The Symphony No. 4 in F minor by Ralph Vaughan Williams was dedicated by the composer to Arnold Bax.

Unlike Vaughan Williams's first three symphonies, it was not given a title, the composer stating that it was to be understood as pure music, without any incidental or external inspiration.

In contrast to many of Vaughan Williams's previous compositions, the symphony displays a severity of tone. The composer himself once observed of it, "I'm not at all sure that I like it myself now. All I know is that it's what I wanted to do at the time." According to the letter written by Arthur Benjamin to Vaughan Williams on 21 April 1935 (BL MS Mus 1714/1/9, ff. 113–14), the British composer Sir William Walton admired the work greatly. Benjamin wrote: "I met Willy Walton on the way to the Hall and he said — having been to the rehearsals — that we were going to hear the greatest symphony since Beethoven.
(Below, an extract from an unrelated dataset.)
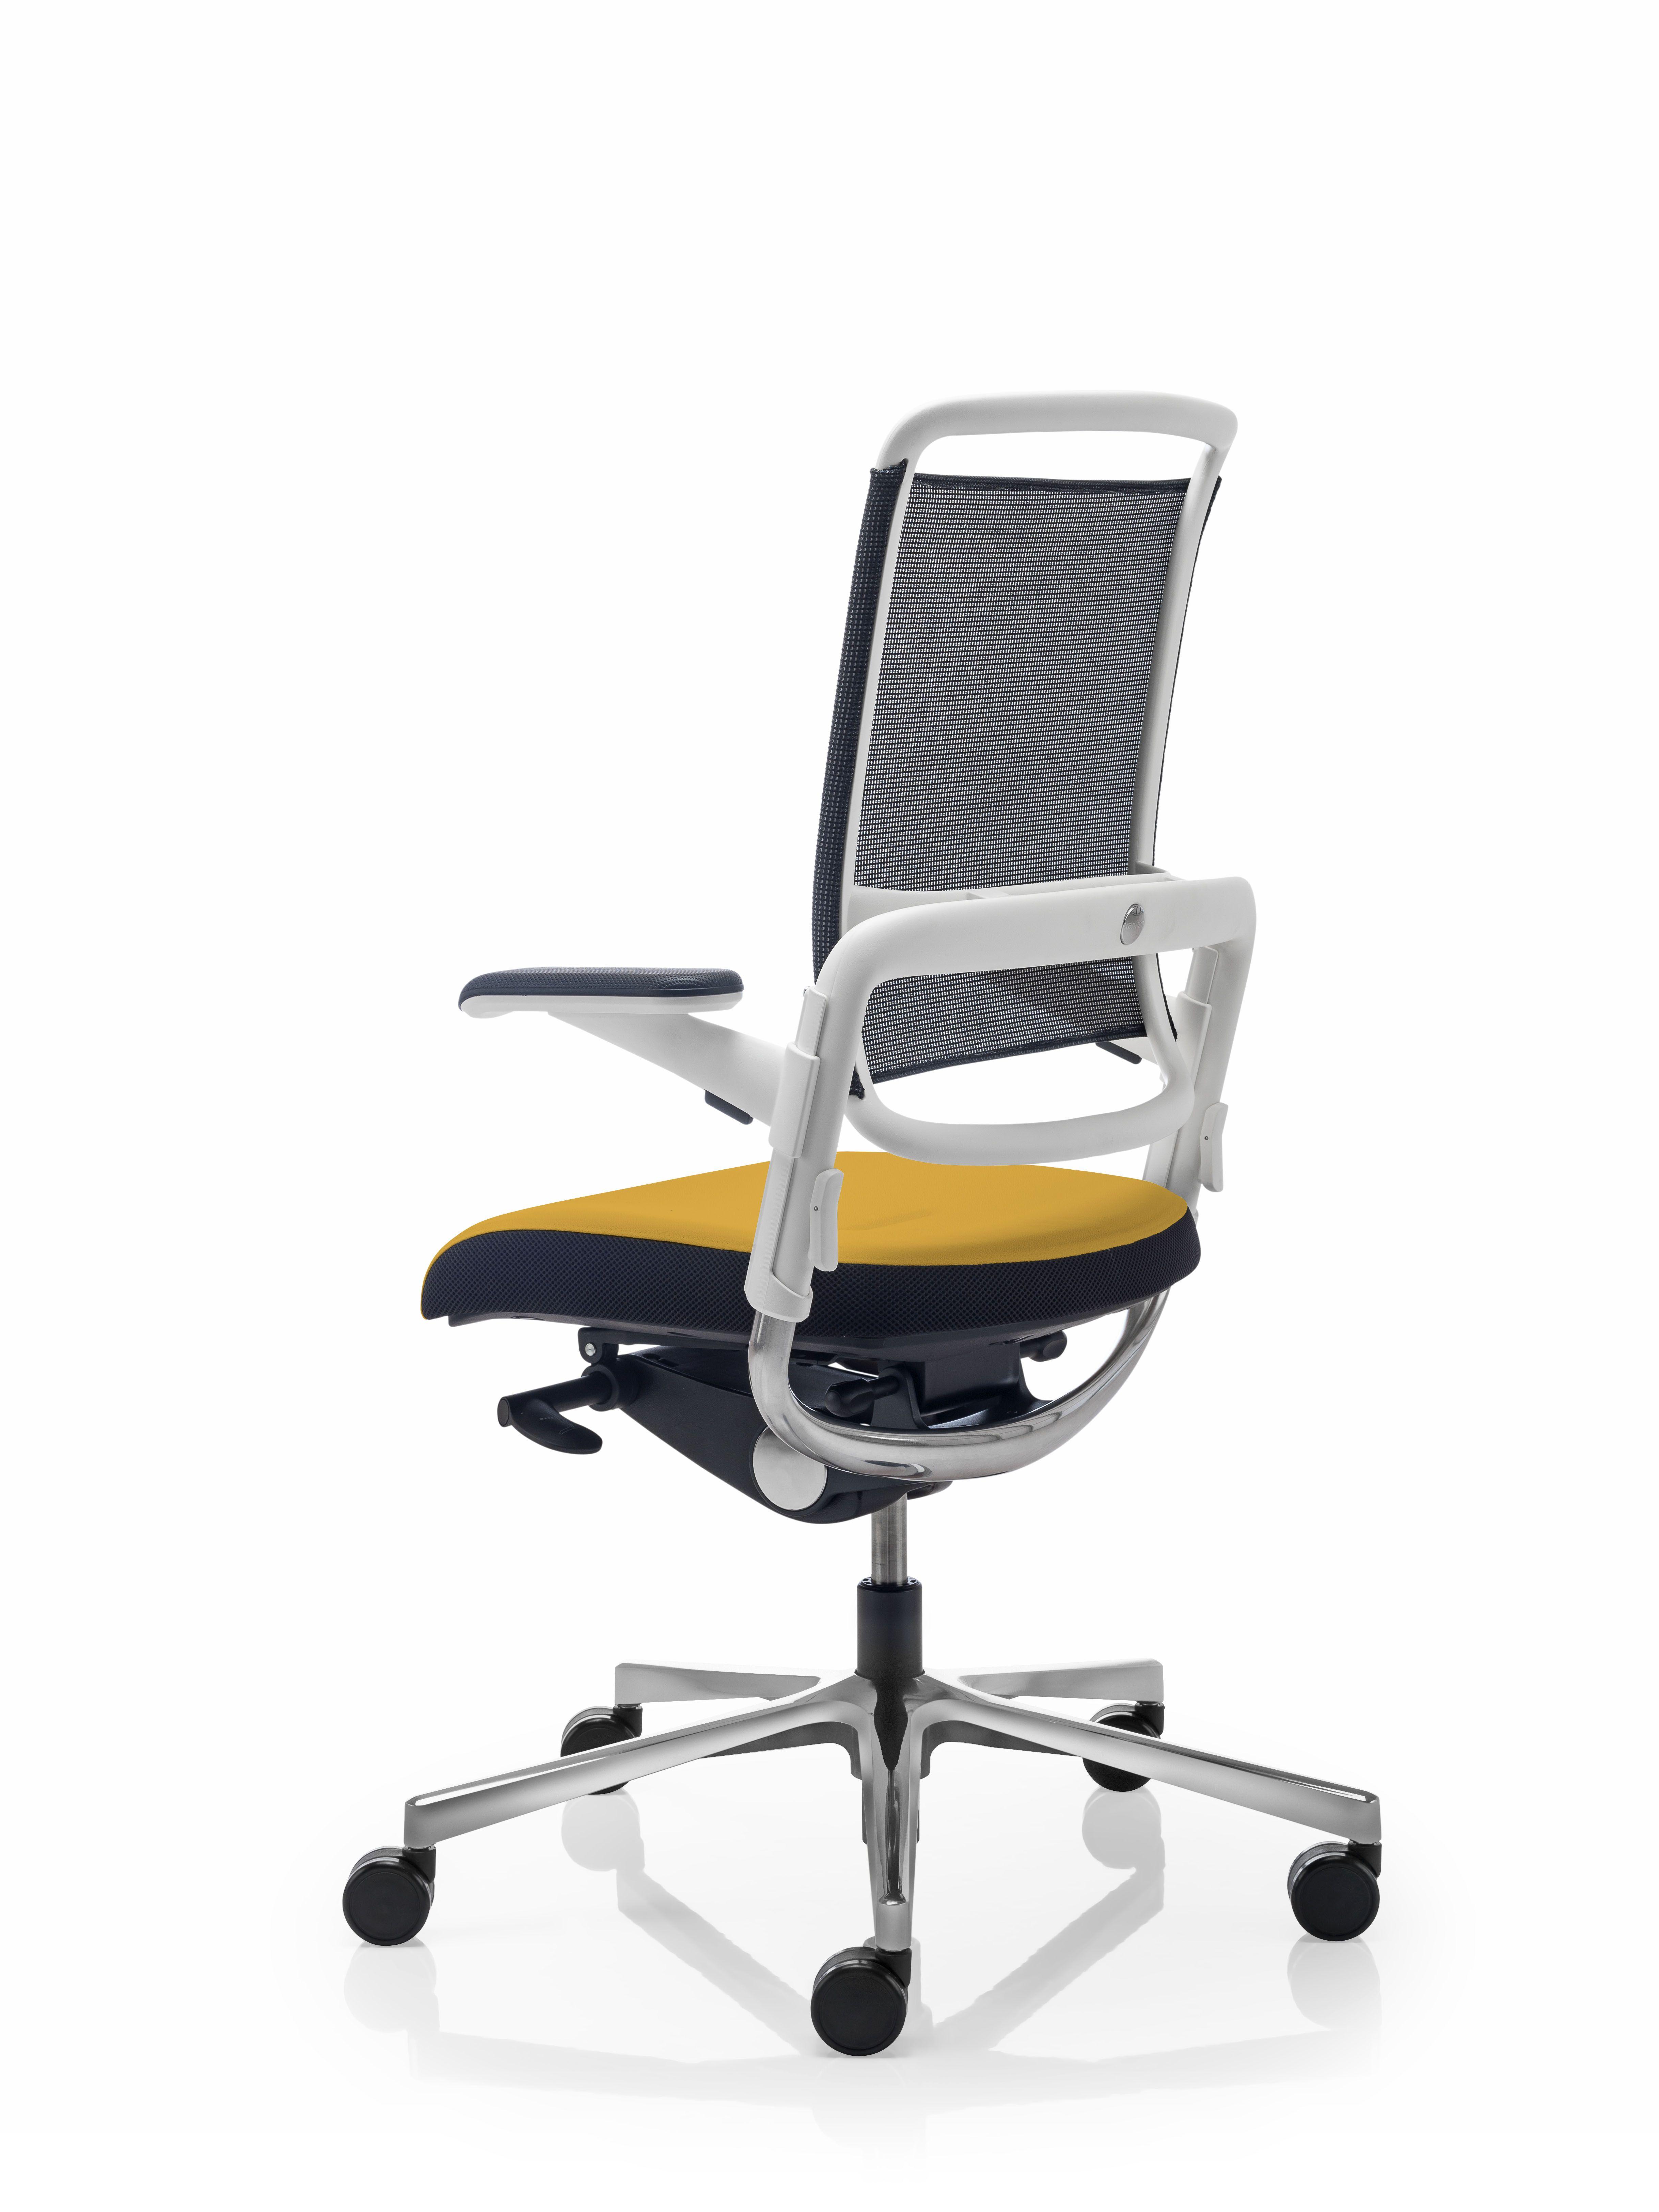 Ergostuhl Buro Augsburg Sessel Stuhl Design Konferenzstuhle

Arnold, too, agreed. An alternative source states that Walton heard Constant Lambert saying it to Benjamin.

Only two symphonies of Vaughan Williams end loudly: No. 4 and No. 8.

The work was first performed on 10 April 1935 by the BBC Symphony Orchestra conducted by Adrian Boult. Its first recording, made two years later, featured the composer himself conducting the same orchestra in what proved to be his only commercial recording of any of his symphonies. It was released on 78-rpm discs in the UK by HMV and in the US by RCA Victor, and has been reissued on LP and CD.
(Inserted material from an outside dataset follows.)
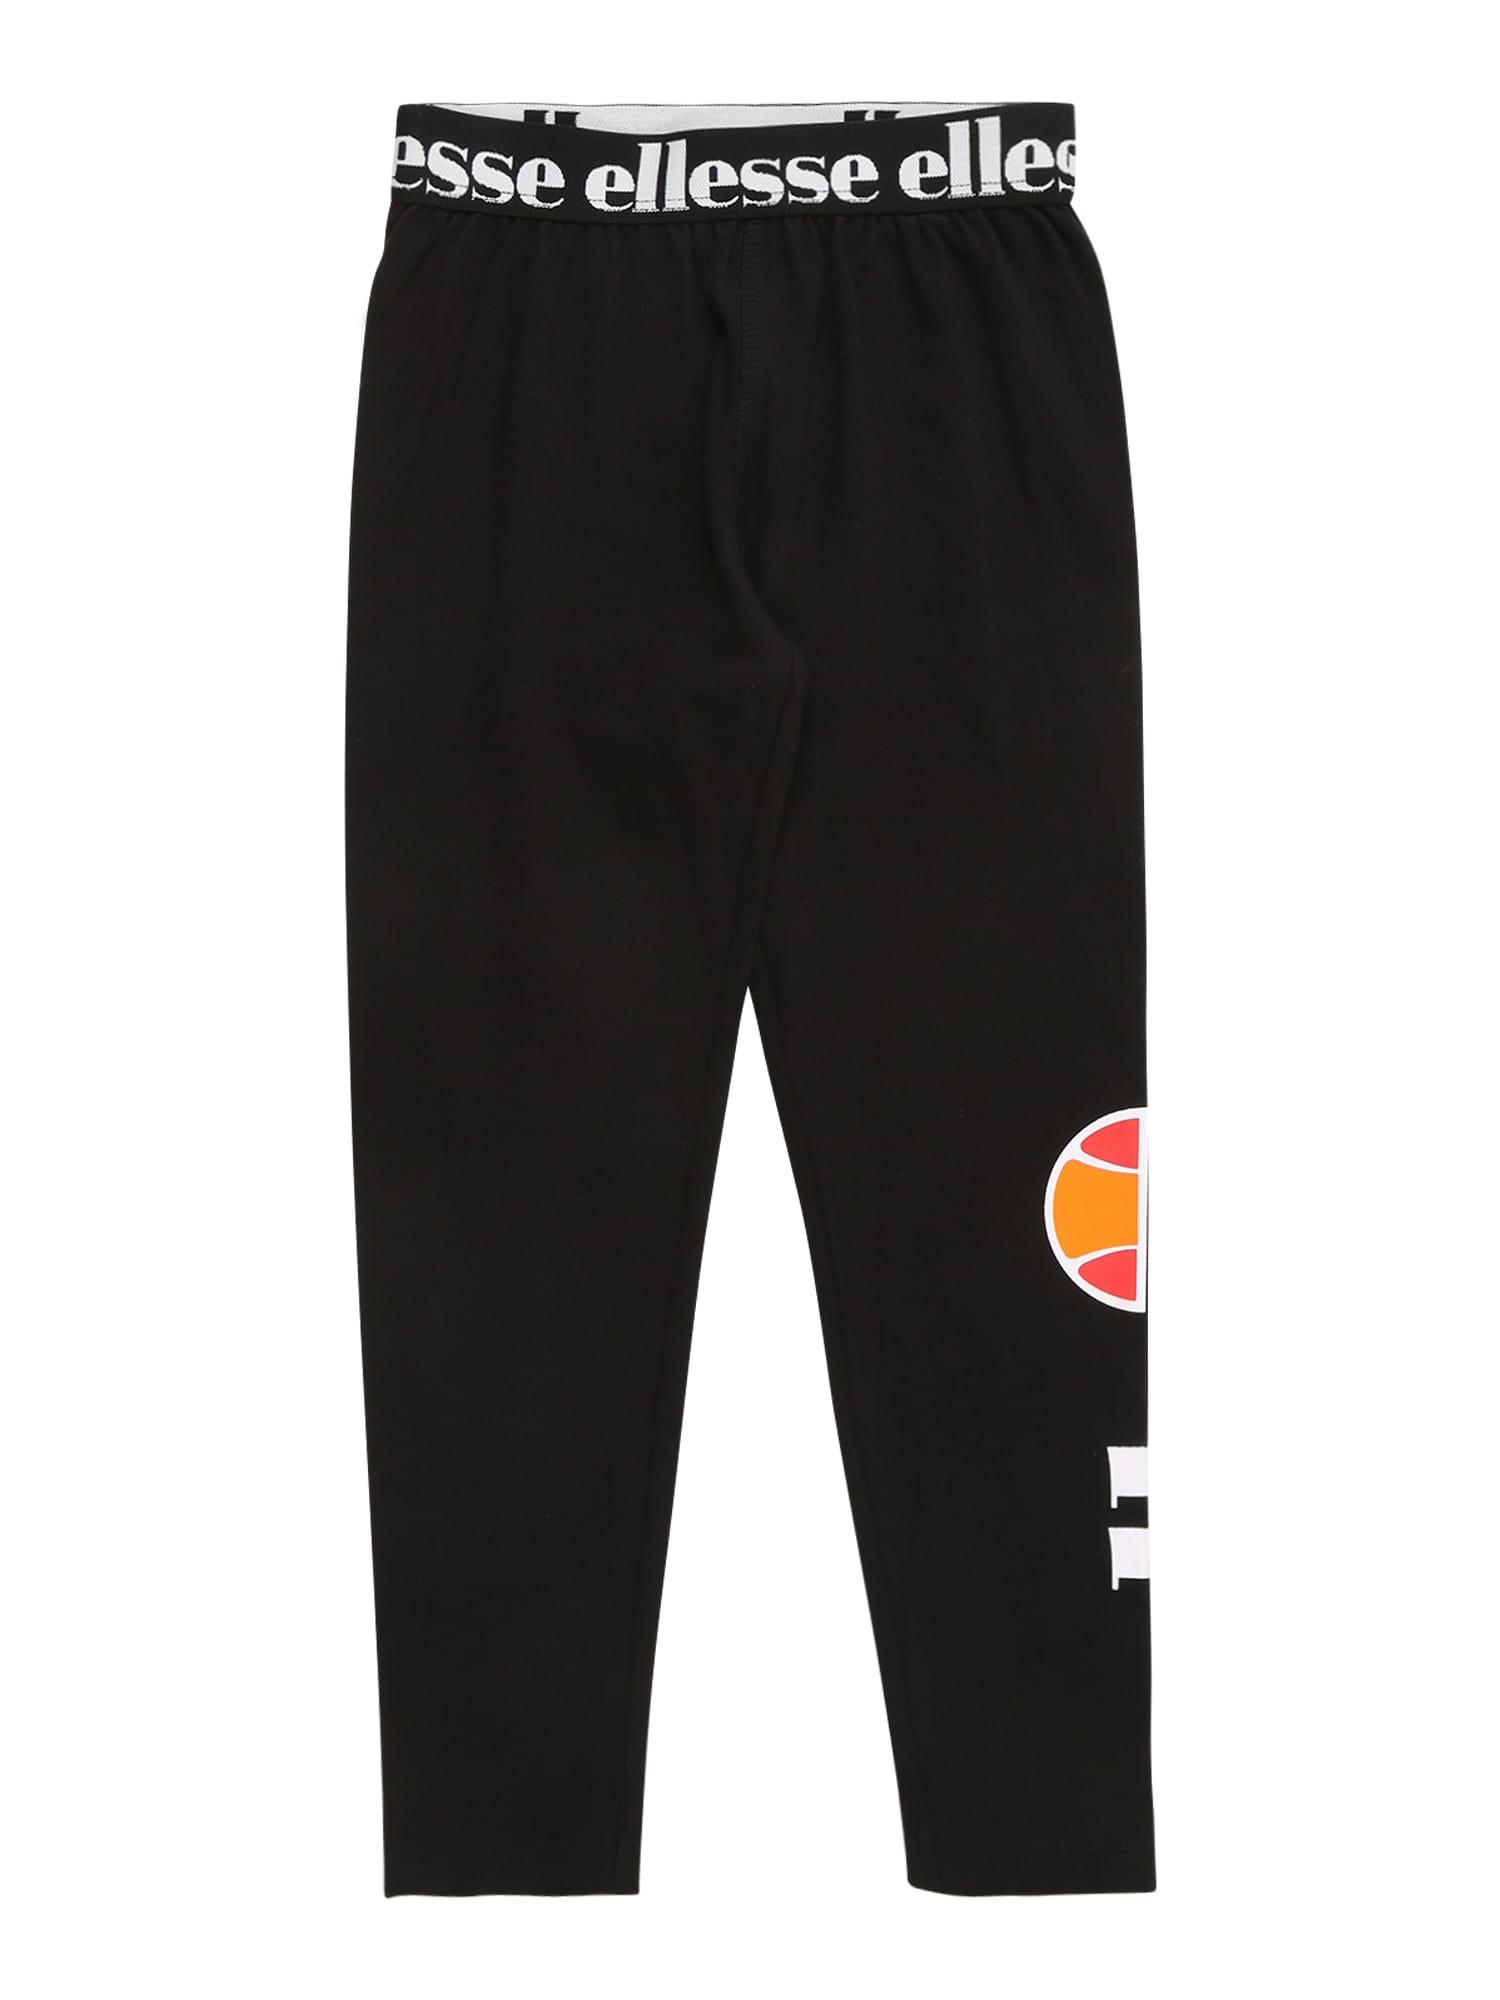 ELLESSE Kelnės 'Fabi' juoda / balta / oranžinė

The United States premiere was given on 19 December 1935 by Artur Rodziński and the Cleveland Orchestra. The earliest American performance to have survived in recorded form was the broadcast of 21 May 1938 by Adrian Boult, guest conducting the NBC Symphony Orchestra, released by Pristine Classical. This was followed in 14 March 1943 by another performance by the NBC Symphony Orchestra under Leopold Stokowski. It was the only time he ever conducted the work and his performance has been issued on CD by Cala Records.

Structure

The work is in four movements with the third and fourth linked:

Allegro
Andante moderato
Scherzo: Allegro molto
Finale con epilogo fugato: Allegro molto

A typical performance takes about 32 minutes.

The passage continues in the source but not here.